When I was in high school in Vietnam, my teachers insisted that the sole goal of high school years is to get us into a good university. As many other Asian countries, there was an extremely competitive national college entrance examination for which girls, boys and their parents would pay any price to win. For two years, my friends and I went to night classes five days a week and spent the summers in classroom. I was accepted to a prestigious university but never used anything I had learnt again.
What did I learn from this experience? It was all about choosing the right goal. Later on when preparing for TOEFL, I ignored most of the strategies, tips and tricks to improve the score. Instead, I put all my effort on improving my English. I got just enough score for a scholarship and the skills I acquired back then is still with me today.
In my limited view of the literature, the NLP community is facing the same problem. There is a lot of evaluation data for specific subtasks and researchers continue to create more of them. The effort goes into increasing some percentage of accuracy, F-score or whatever measure it might be. Unless the goal of NLP is to optimize for each ad-hoc subtasks, we can hardly say that we made much progress over the last decade.
I am not going to say that NLP researchers are all idiots. They are brilliant and the amount of knowledge they created goes beyond what I can comprehend. But I can’t help thinking that they are optimizing wrong objective functions.
Easier said than done, you may think, how does that freaking correct objective function look like? What function can assign a greater number to a “more understanding” machine? The bad news is that there is no such function, just like no standardized test will ever measure a student’s knowledge properly. People keep taking those tests not because they are correct, but because there are no better options.
How to progress without an objective function? I think it is the time for NLP to come back to its science town after decades wandering in the engineering jungle.

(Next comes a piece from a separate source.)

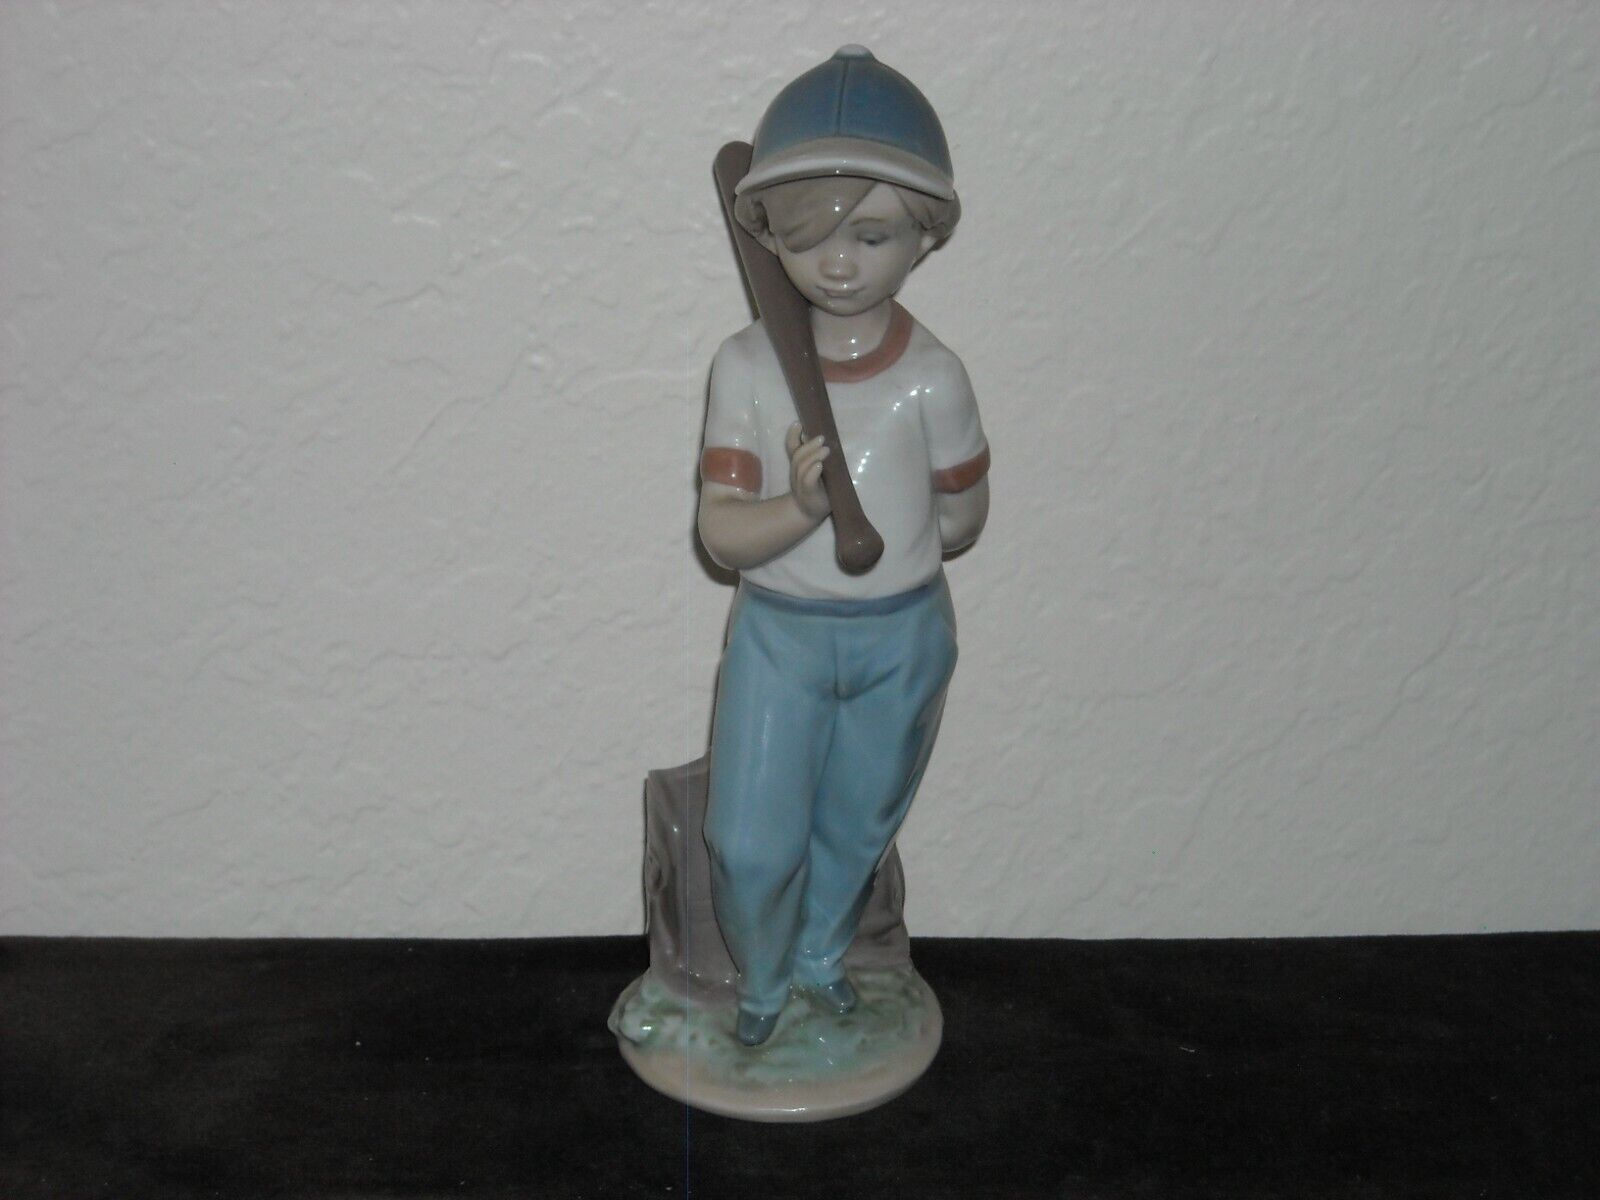 Lladro Figurine Can I Play #7610 Boy in Cap with Baseball Bat
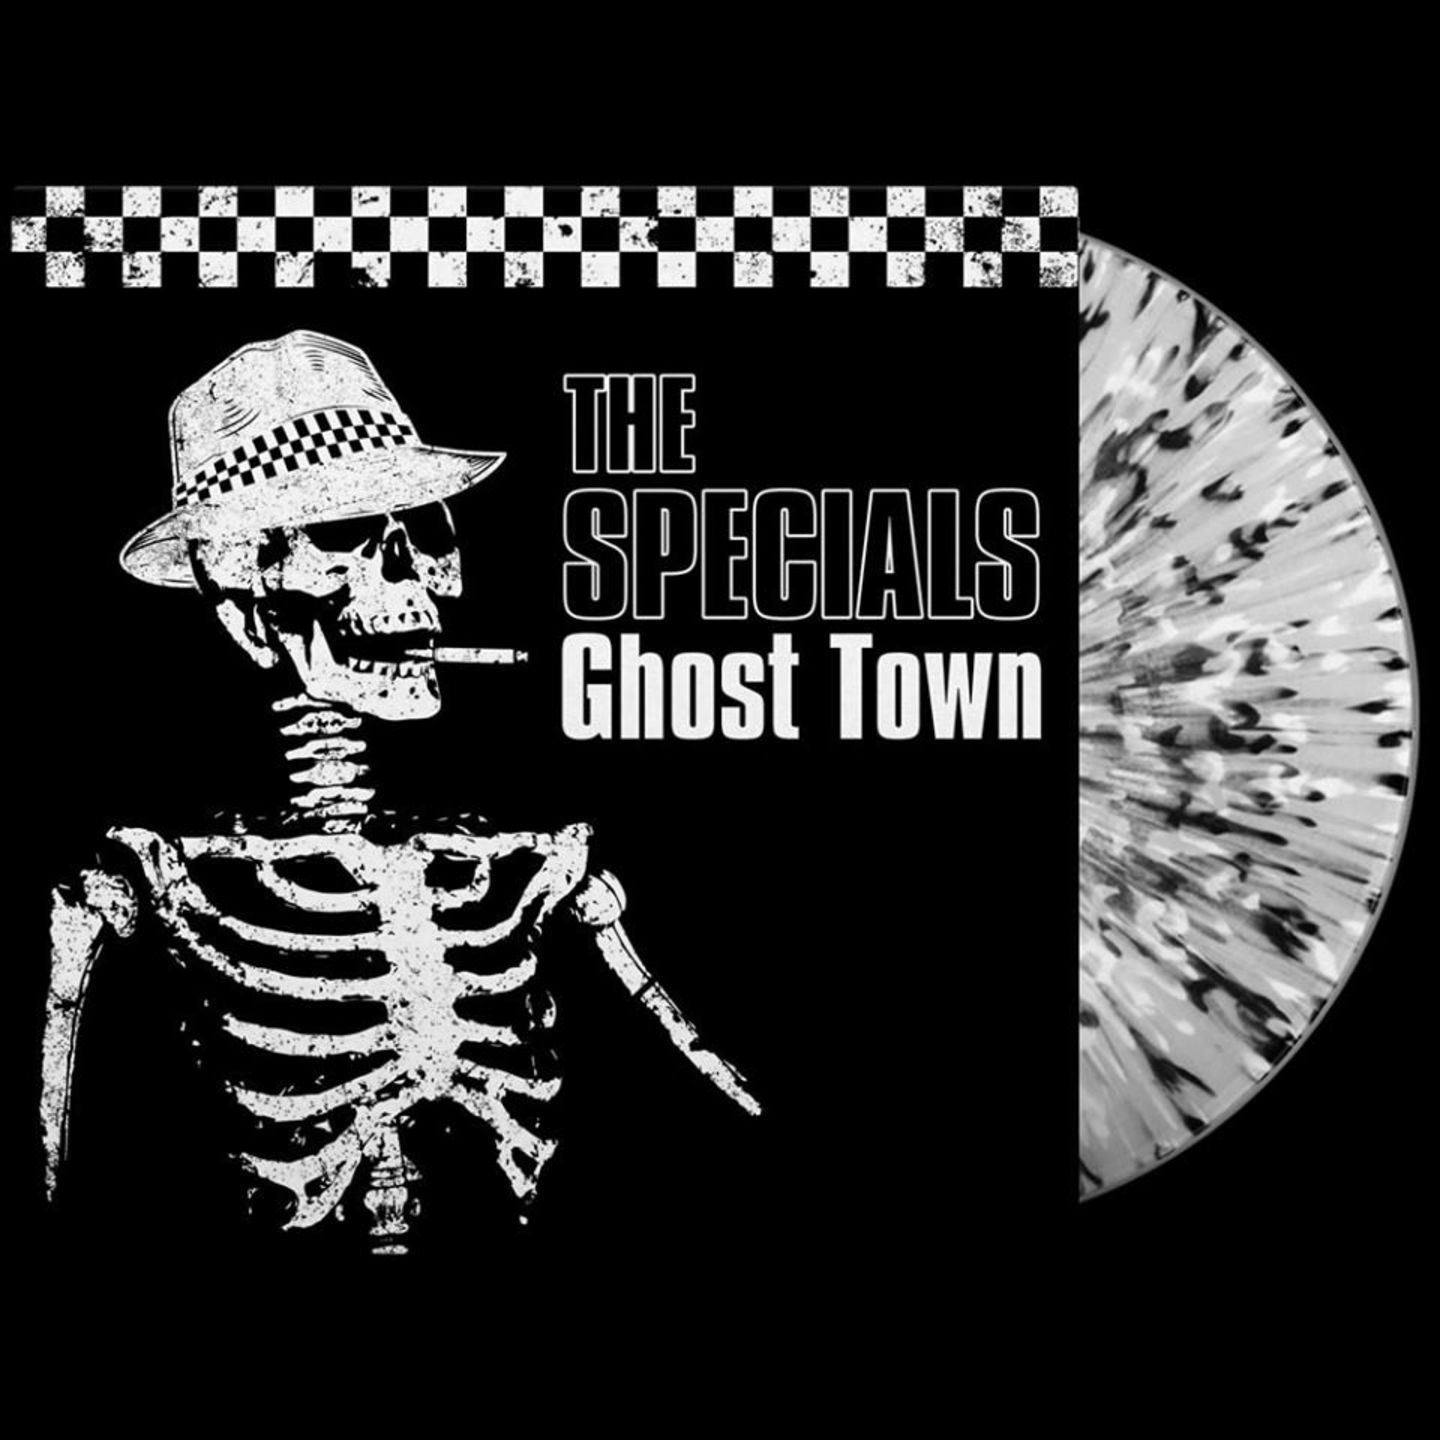 THE SPECIALS - Ghost Town LP Splatter vinyl

That means creating falsifiable hypotheses about what a language understanding machine might be, challenging those hypotheses with real data and eliminating the unfitted. Such an approach will play down dysfunctional objective functions and focus research effort to a more promising area.
What are those hypotheses? How to test them? How much will it help? What answers (or questions) will they bring? Those are questions I will need to address during my four years in VU Amsterdam. I will keep you updated 😉